[FSDP2] Fixed incorrect tensor meta after `.to(dtype)` #137593

awgu · 2024-10-09T15:15:19Z

Stack from ghstack (oldest at bottom):

This fixes #137522. After a method that changes to module parameters (like .to(torch.float64)), we need to update the DTensorSpec, whose TensorMeta's dtype may have changed.

cc @XilunWu @H-Huang @kwen2501 @wanchaol @fegin @fduwjj @wz337 @wconstab @d4l3k @c-p-i-o

[ghstack-poisoned]

pytorch-bot · 2024-10-09T15:15:23Z

🔗 Helpful Links

🧪 See artifacts and rendered test results at hud.pytorch.org/pr/137593

📄 Preview Python docs built from this PR
📄 Preview C++ docs built from this PR
❓ Need help or want to give feedback on the CI? Visit the bot commands wiki or our office hours

Note: Links to docs will display an error until the docs builds have been completed.

✅ No Failures

As of commit 28daaa3 with merge base d1b87e2 ():
💚 Looks good so far! There are no failures yet. 💚

This comment was automatically generated by Dr.
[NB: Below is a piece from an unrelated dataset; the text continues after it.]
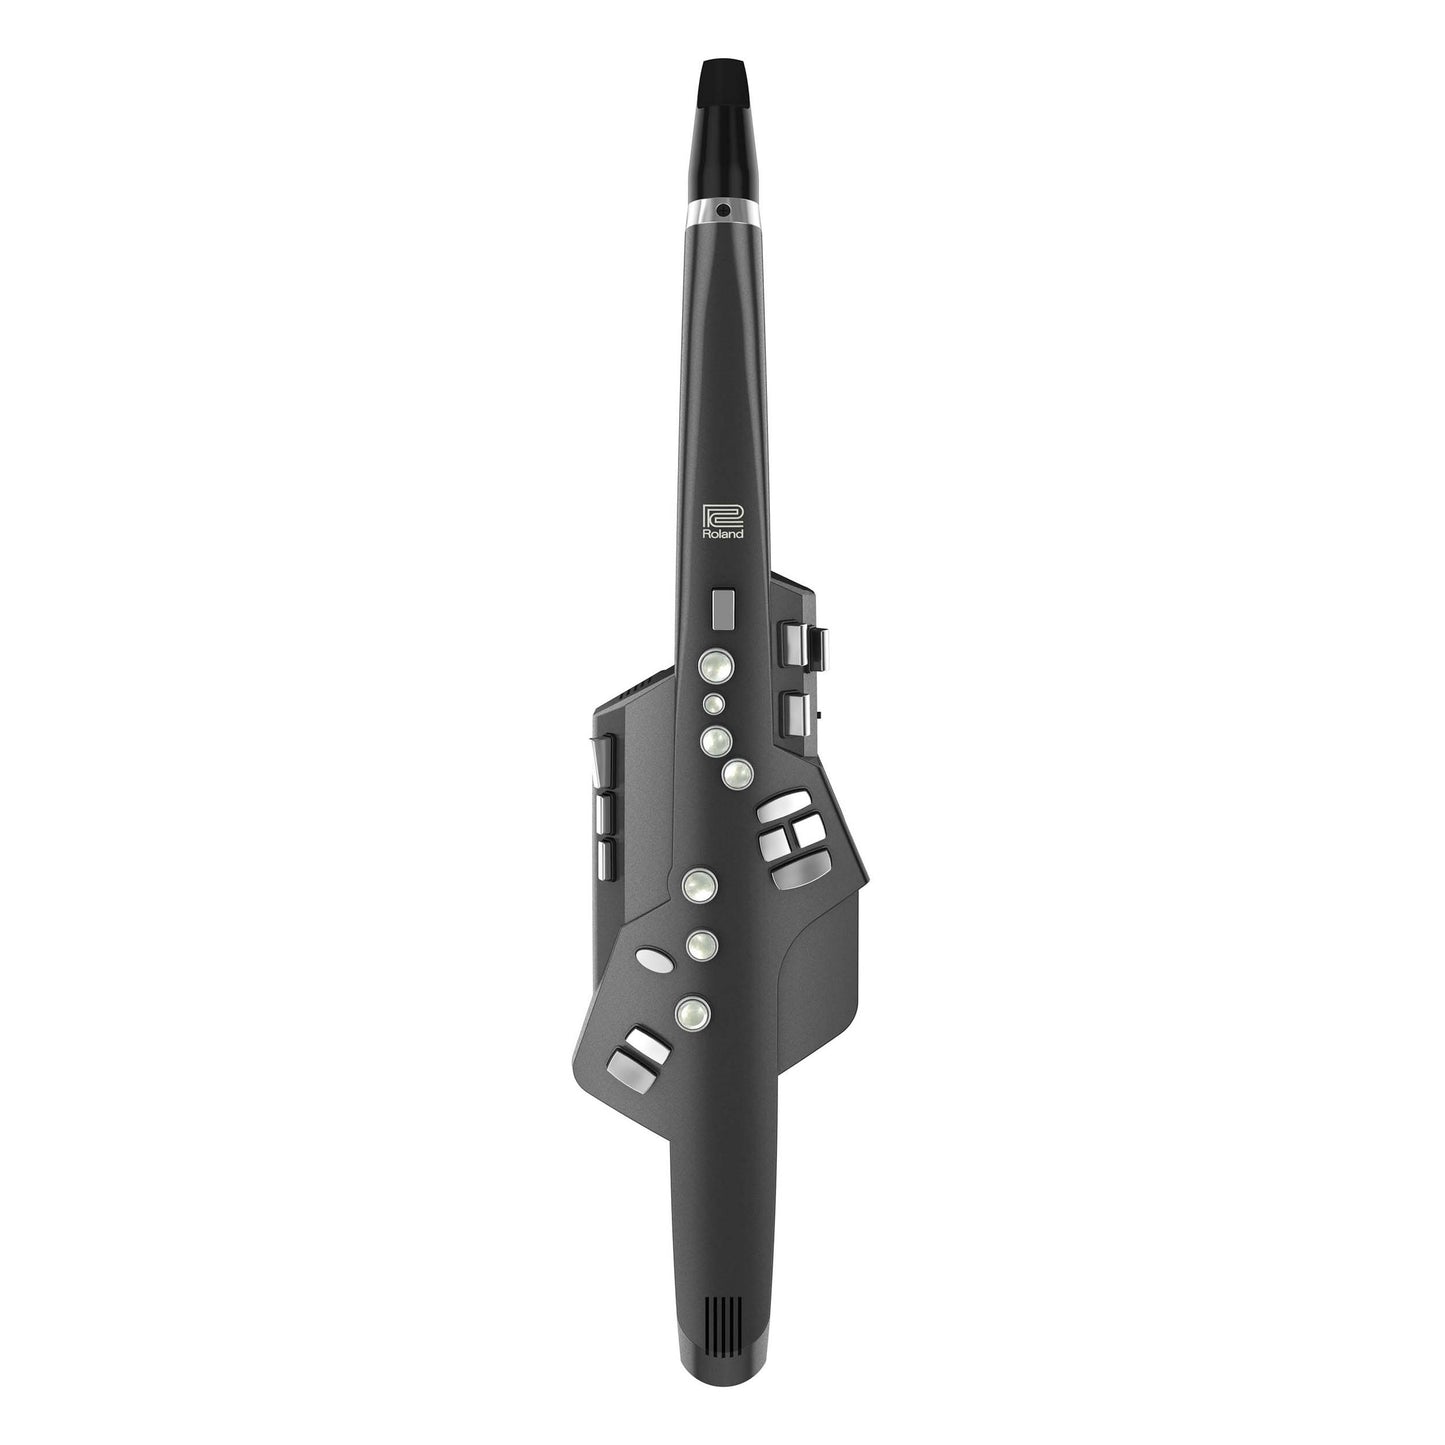 Roland Aerophone AE-10 Digital Wind Instrument (Graphite Black)

CI and updates every 15 minutes.

ghstack-source-id: d922192 Pull Request resolved: #137593

Skylion007 · 2024-10-09T15:27:00Z

torch/distributed/_composable/fsdp/_fsdp_param.py

        if updated_local_tensor:
            # Only change the local tensor object if needed
            self.sharded_param._local_tensor = local_tensor[: self.sharded_size[0]]
+        self._sharding_spec = self.sharded_param._spec


Question. instead of cashing self._sharding_spec would it make sense to have it be a property that always just queries self.sharded_param._spec

That sounds good!

took a quick look -- this will require some refactoring, so I will defer this to a separate PR

awgu · 2024-10-09T17:08:32Z

@pytorchbot merge

pytorchmergebot · 2024-10-09T17:10:28Z

Merge started

Your change will be merged once all checks pass (ETA 0-4 Hours).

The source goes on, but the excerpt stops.